The saga over who will replace Hillary Clinton in the Senate may be over, but the drama continues!
New York Gov. David Paterson’s desperately trying to move on from the whole ordeal — he even canceled a trip to Switzerland — but Mike Bloomberg’s not going to let the governor get away that easy. New York City Mayor Bloomberg this week called the treatment of Caroline Kennedy during her Senate bid "reprehensible," and wants to know who’s behind the leaking of news that perhaps she was bowing out of the race because of tax and nanny problems.
"I thought that the stuff that I saw in the papers was totally inappropriate," said Bloomberg. "It’s as good an example of cheap dirty politics as you could ever find, and I thought it was reprehensible." The Daily News reported Monday that Paterson signed off on the attack strategy pushed by a paid consultant.

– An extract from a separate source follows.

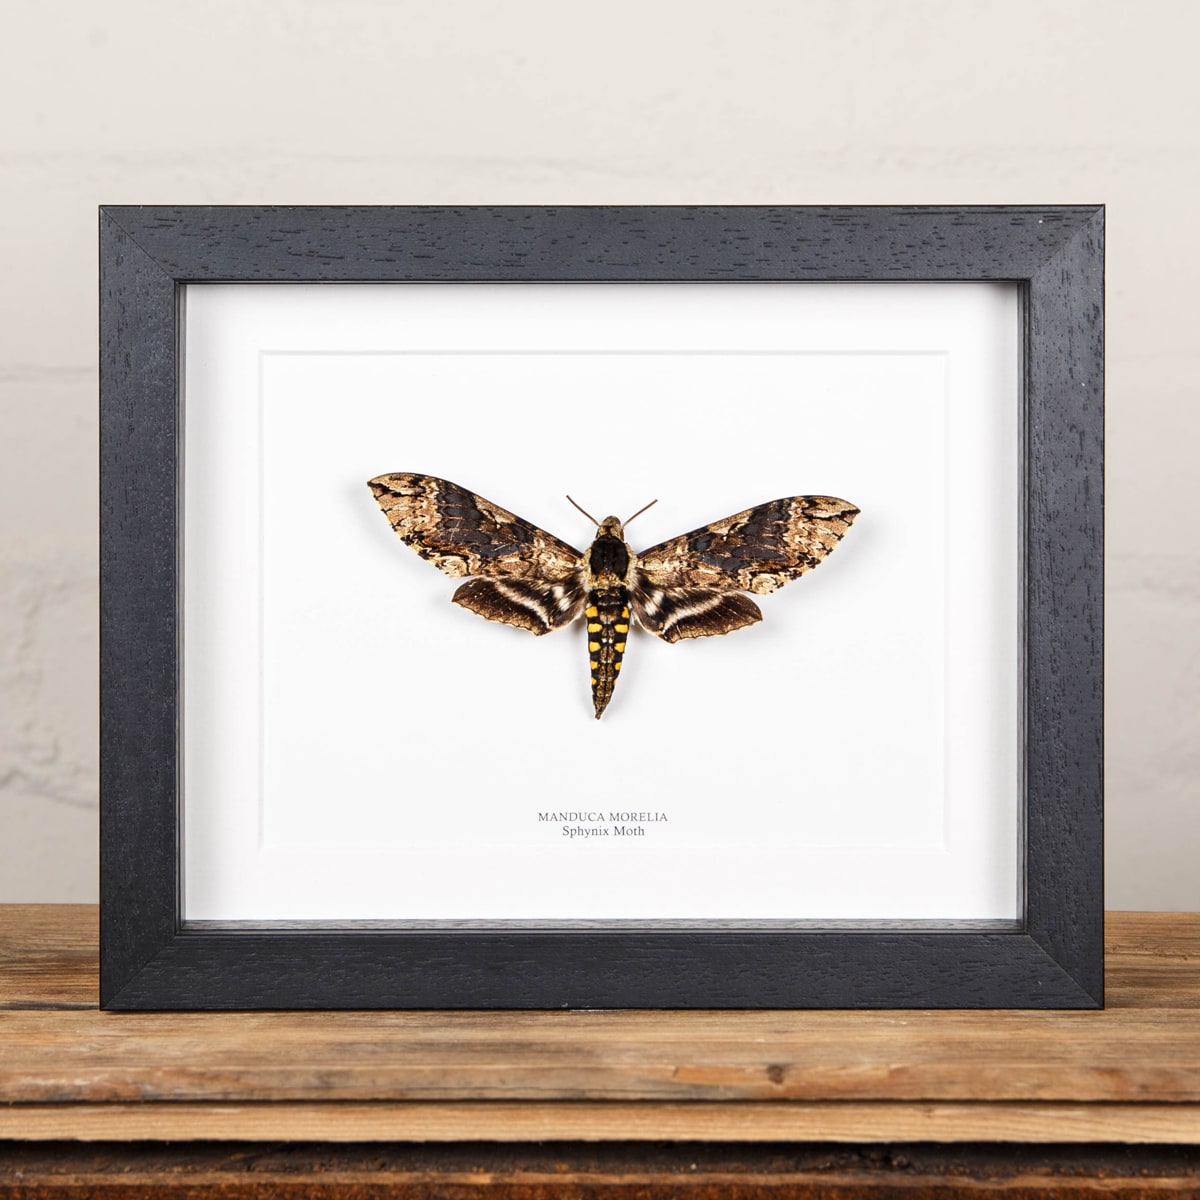 Minibeast Sphynix Moth in Box Frame (Manduca morelia)

Paterson says he doesn’t know who was behind the bashing. On Monday, he at first denied he or his staff was behind them, but then said they were coming from his office — but he doesn’t know from whom. "As you know, this is a pretty serious thing, and actually one that I would condemn," he said. But the New York Post is actually calling him a "liar," saying there’s no way the suspected leaker would have gone to the press with the damaging information without the governor’s approval.
Kennedy was "mired in some potentially embarrassing personal issues," the source told reporters Friday, says the Post. "She has a tax problem that came up in the vetting and a potential nanny issue. And reporters are starting to look at her marriage more closely … The governor had no intention of picking her because of the botched rollout executed in recent weeks. The Post has also reported that Kennedy bowed out for none of the reasons reported — but rather for a specific, family issue — and Paterson knew it.
"Caroline can’t believe what Paterson did to her. She was smeared, and she’s never going to forgive it or forget it," a source told the Post.
The way Paterson handled the whole thing may hurt him in the long term, too. "There’s an awful lot of buzz in this place about the trouble the governor is in," one Democratic lawmaker told The Buffalo News. A Siena College poll released Monday shows that, although most New Yorkers like Paterson, more voters now say they prefer "someone else" as governor in 2010. That "someone" could very well be Attorney General Andrew Cuomo, who many voters would love to see in his dad’s former office.